FIG. 1 is a sectional view showing a first embodiment of the present invention, FIG. 2 is a sectional view taken along the line II of FIG. 1, FIG. 3 is a sectional view in the vicinity of an extension portion of a retainer plate, and FIG. FIG. 5 is a sectional view showing a main part of a second embodiment of the present invention, and FIG. 5 is a sectional view showing another embodiment of the piston. 4 ... Rotary axis, 8 ... Swash plate 9 ... Inclined surface, 18 ... Piston 21 ... Piston / cylinder assembly 31, 51, 63 ... Retainer plate 32, 52 ...... Base, 38, 53 ... Extensions 39, 54 ... First recess, 45,56 ... Second recess

Claims (2)

[Scope of utility model registration request] 1. A swash plate type fluid pump / motor comprising a swash plate having an inclined surface inclined with respect to a rotation axis, and a piston / cylinder assembly, wherein each piston extends parallel to the inclined surface of the swash plate. A substantially doughnut-shaped base having a front end locked, an extension extending from the radial outer end of the base toward the inclined surface, and a first recess provided on the inner peripheral surface of the extension.
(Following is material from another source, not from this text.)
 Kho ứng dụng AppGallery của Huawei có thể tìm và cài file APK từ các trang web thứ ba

A retainer plate made of a thin material is provided, a second recess facing the first recess is formed on the outer peripheral surface of the swash plate, and the extension is elastically deformed to expand its diameter. A swash plate type fluid pump / motor, wherein a plurality of balls are interposed between the first recess and the second recess, and the piston is pressed against the inclined surface by the elastic restoring force of the extension. 2. A swash plate type fluid pump / motor comprising a swash plate having an inclined surface inclined with respect to a rotation axis, and a piston / cylinder assembly, wherein each piston extends parallel to the inclined surface of the swash plate. A substantially doughnut-shaped base with the front end locked, an extension extending from the radial inner end of the base toward the inclined surface, and a first recess provided on the outer peripheral surface of the extension.
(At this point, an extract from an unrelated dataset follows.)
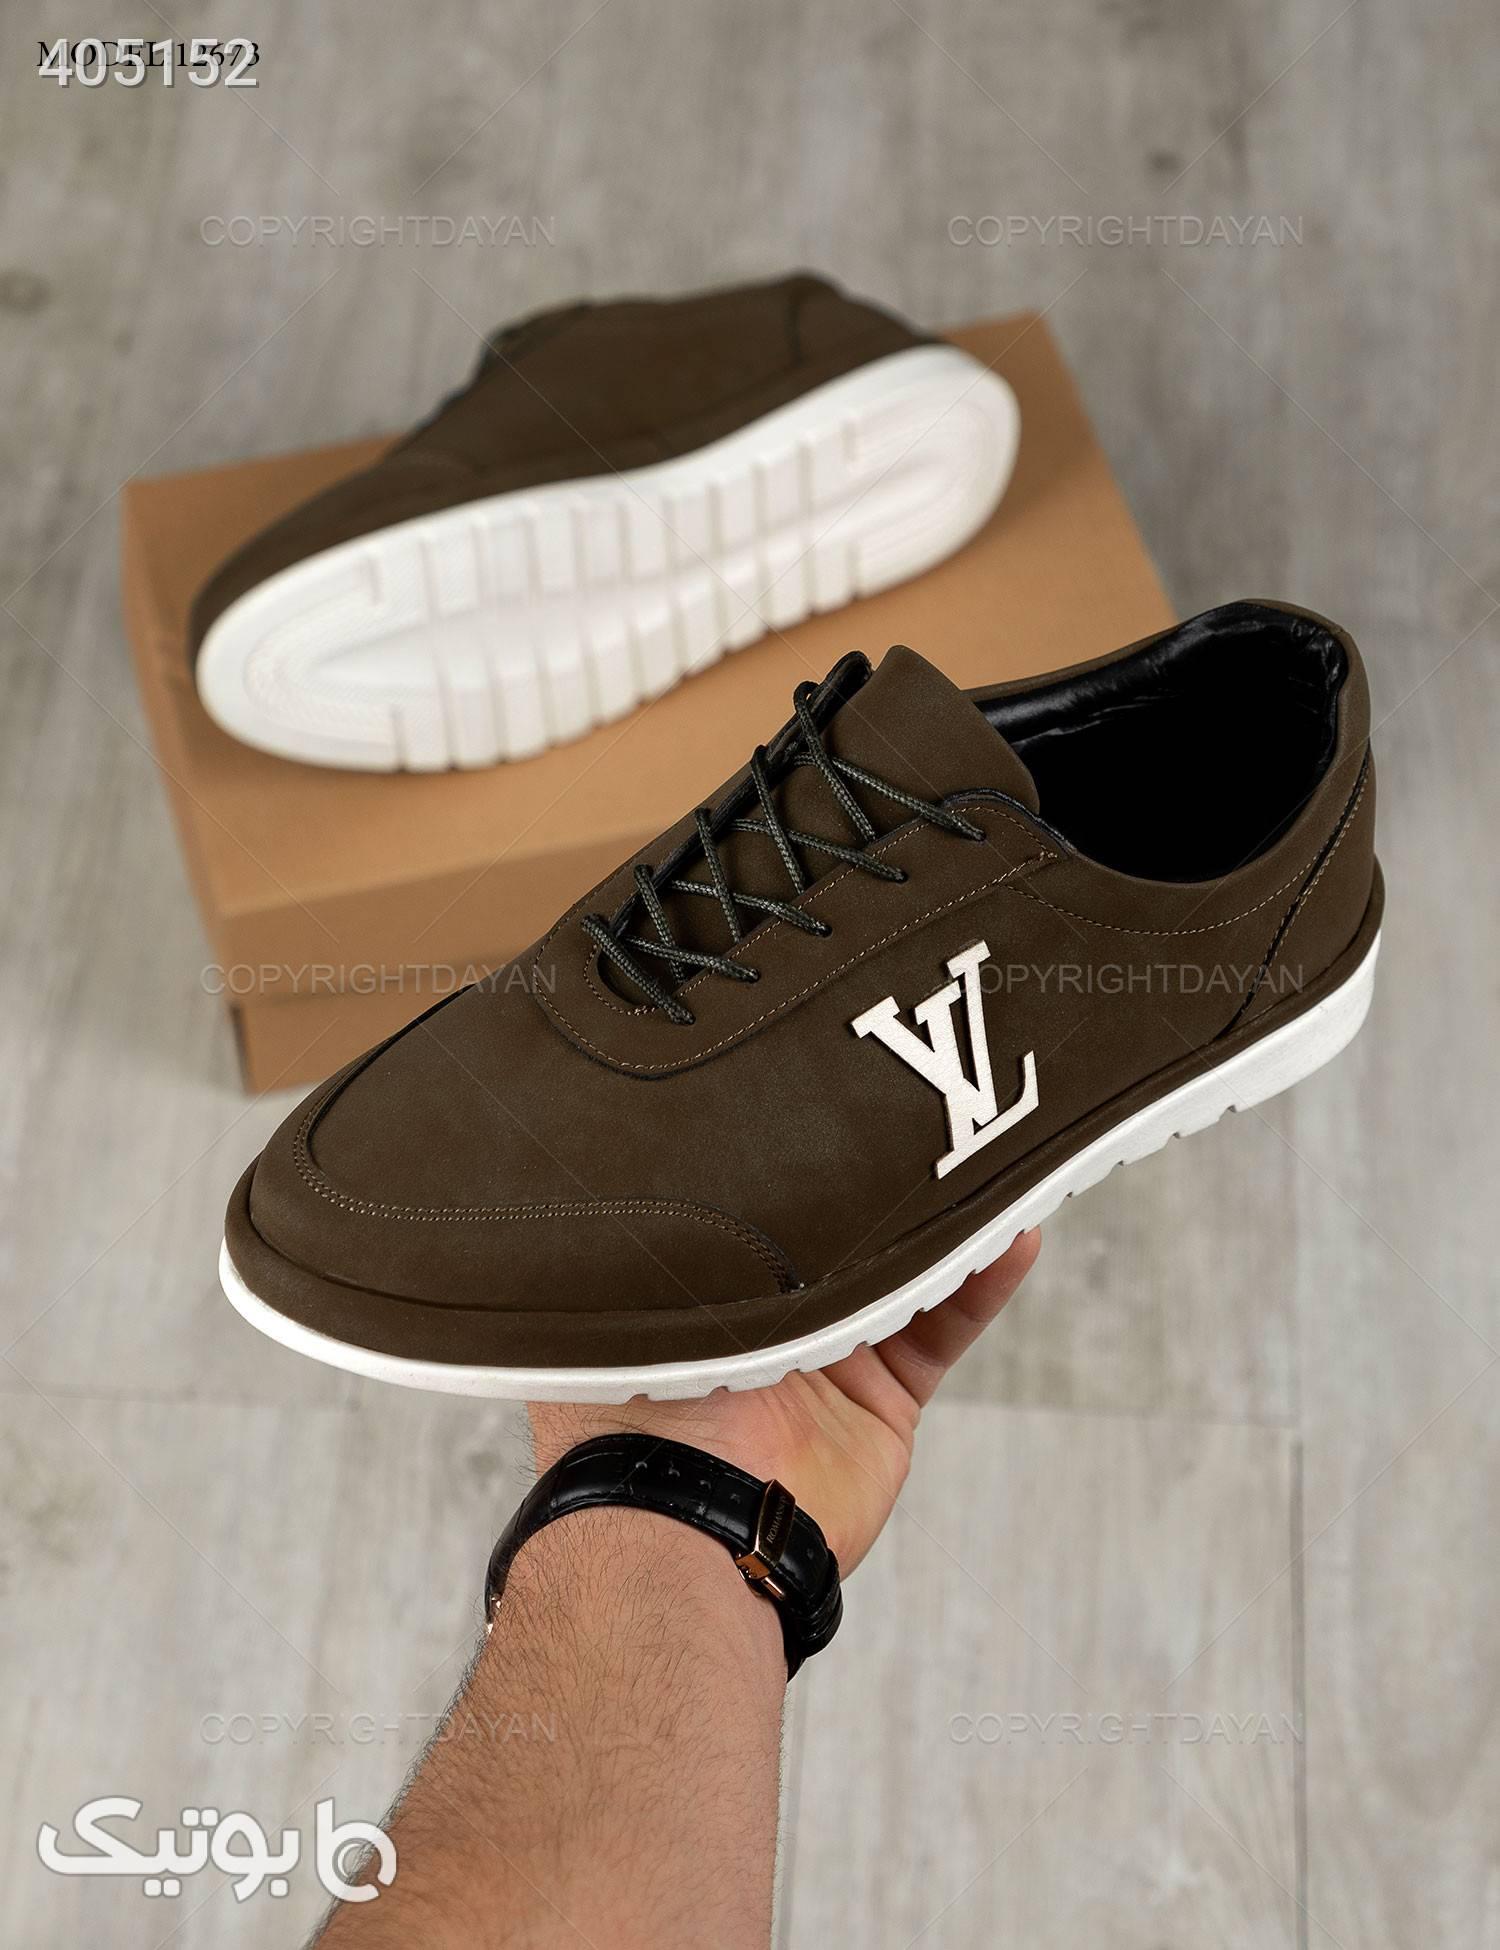 کفش Louis Vuitton مدل 12673 قهوه ای كتانی مردانه

A retainer plate made of a thin material is provided, a second recess facing the first recess is formed on the inner peripheral surface of the swash plate, and the extension is elastically deformed to reduce the diameter. A swash plate type fluid pump / motor, wherein a plurality of balls are interposed between the first concave portion and the second concave portion, and the elastic restoring force of the extension portion presses the piston against the inclined surface.